At the center of the gallery, the curators displayed two of Hadid’s student sketchbooks from her time at the Architectural Association. The pages contain a frenetic mix of quickly sketched ideas in a thick, green marker and tutorial and lecture notes, as well as larger, more rigorously thought-through plan drawings. As the curators noted, seeing her handwritten thoughts, feelings, and reflections during her formative experiences as a student feels intimate. The immediacy and lack of perfection displayed in these sketchbooks is surely an inspiration to current architecture students, as it demonstrates how great ideas can flourish when the student simply uses whatever is at hand—even if it’s a green marker—to get ideas on paper. That a broader set of pages was not presented feels like an oversight, as the viewer’s curiosity is unlikely to be quenched by just four pages.
It’s worthwhile to compare this show of Hadid’s formative work to a concurrent show staged on the other side of London. In Fulham, Roca Gallery, designed by Zaha Hadid Architects, is hosting Everything Flows: Zaha Hadid Design, an exhibition that presents items produced much later in her career through Zaha Hadid Design, which was founded in 2006. (The show runs until December 22.) The objects on display range from lighting to footwear and jewelry and again establish that Hadid had an all-consuming formal vision.
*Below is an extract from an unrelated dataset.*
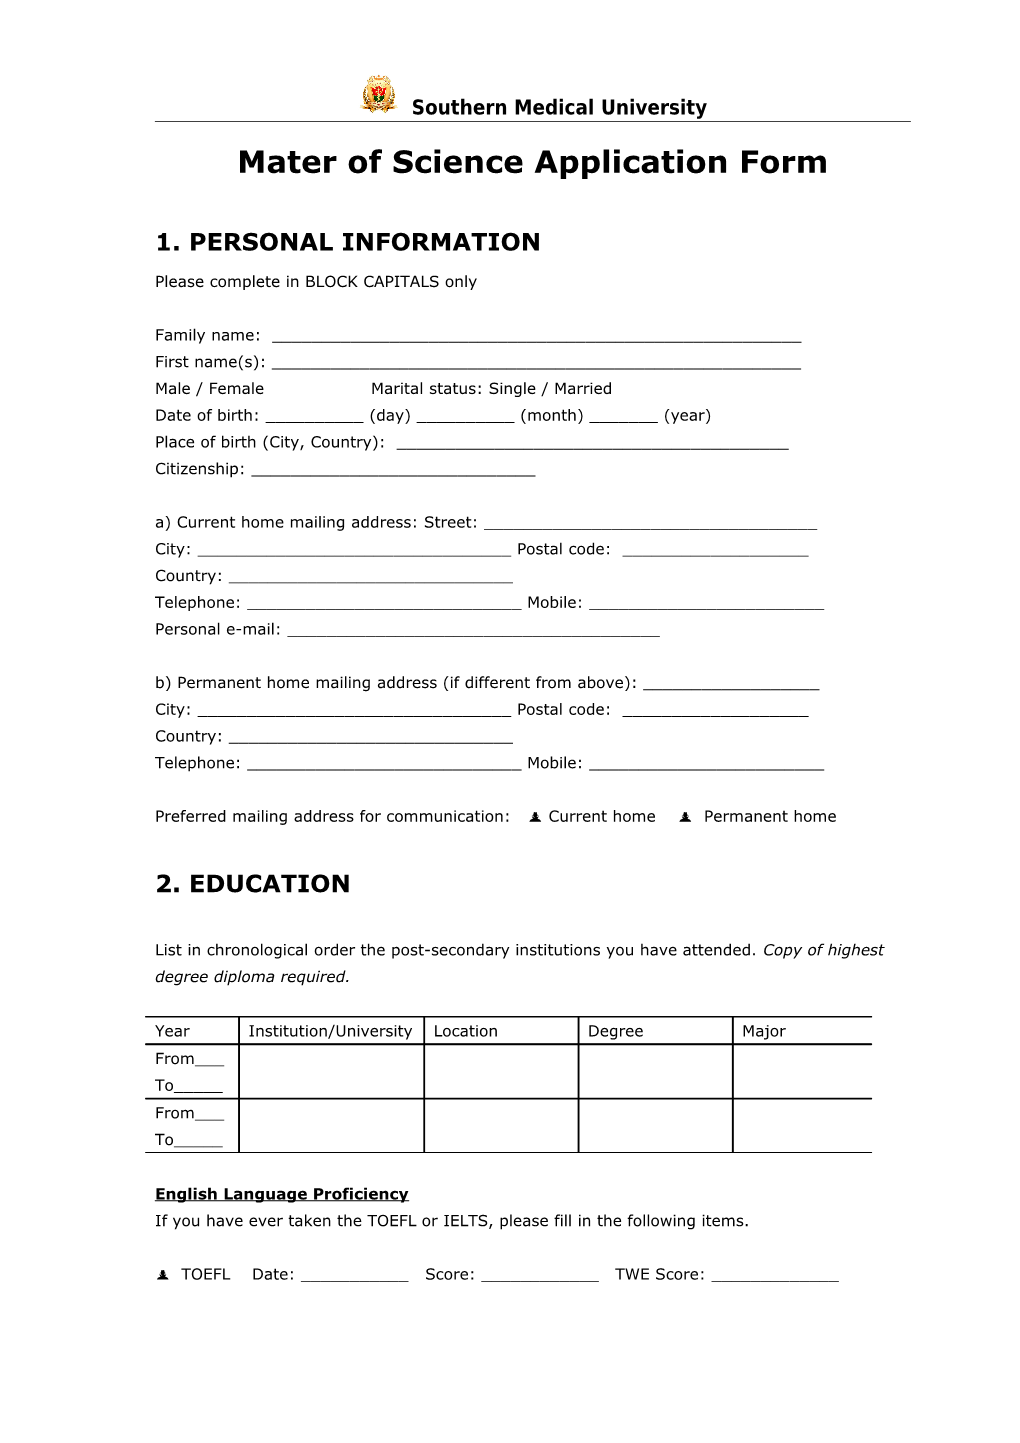 H-MBA Application Form
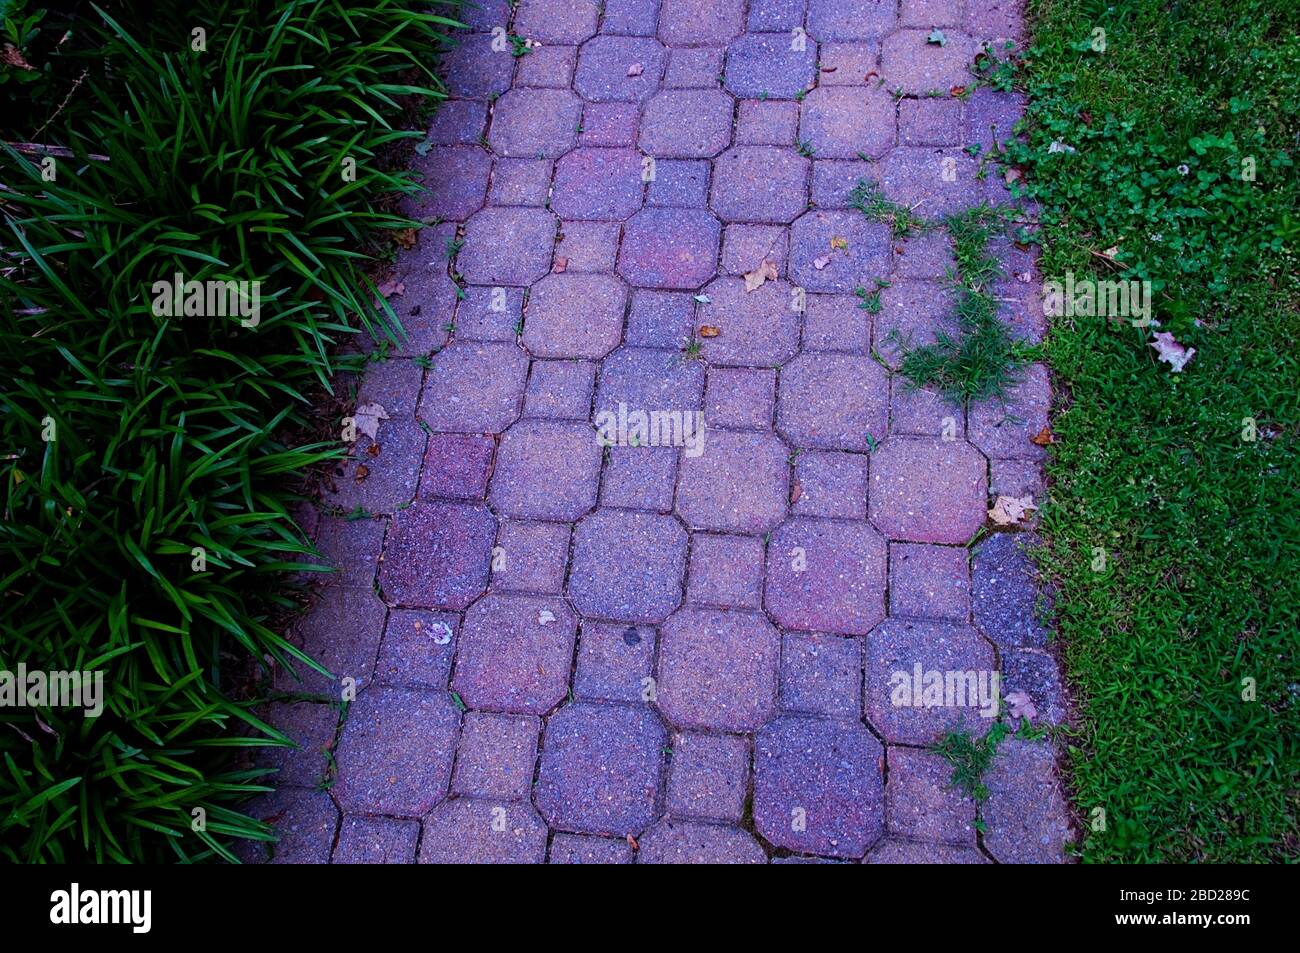 Brick walkway outside with a colorful look Stock Photo

Much like the early Pancras Lane models invited viewers to imagine the feeling of fluid inhabitation, so too the later Liquid Glacial Tables, from 2012, invite onlookers to engage with an acrylic piece which looks like poured water frozen in time.
One difference between the two shows was the relative importance of materials. At the Roca Gallery, there is an exploration of sinuous timber, effervescent metals, and glass handbags. Meanwhile, the ZHF’s show focused in on space, activity, and program. One of Hadid’s most materially complex projects—the Olympic Aquatics Centre, once referred to as “seductive béton brut” by architect and critic Peter Buchanan—is included, but the white, plastic, 3D-printed, monolithic form omits the hidden structural wizardry.
The curatorial team faced a significant challenge in mounting this show, as most of Zaha Hadid Architects’ archival collection is yet to be processed. Despite this, they’ve located formative projects like Leicester Square, Blue and Green Scrapers and the prismatic model for Habitable Bridge. The general ambition behind the show—to unearth new perspectives on Hadid’s relationship with London—was a success.
But there’s much more to be seen. Future episodes could study how the realization of Hadid’s swooping shapes changed construction methods or how the ideas incubated during Hadid’s student work in and on London influenced the practice’s approach to working in other contexts worldwide. Reimagining London should therefore be seen as a hint of the archival treasures likely to follow.
Josh Fenton, a trained designer, works in London as a writer and communications consultant.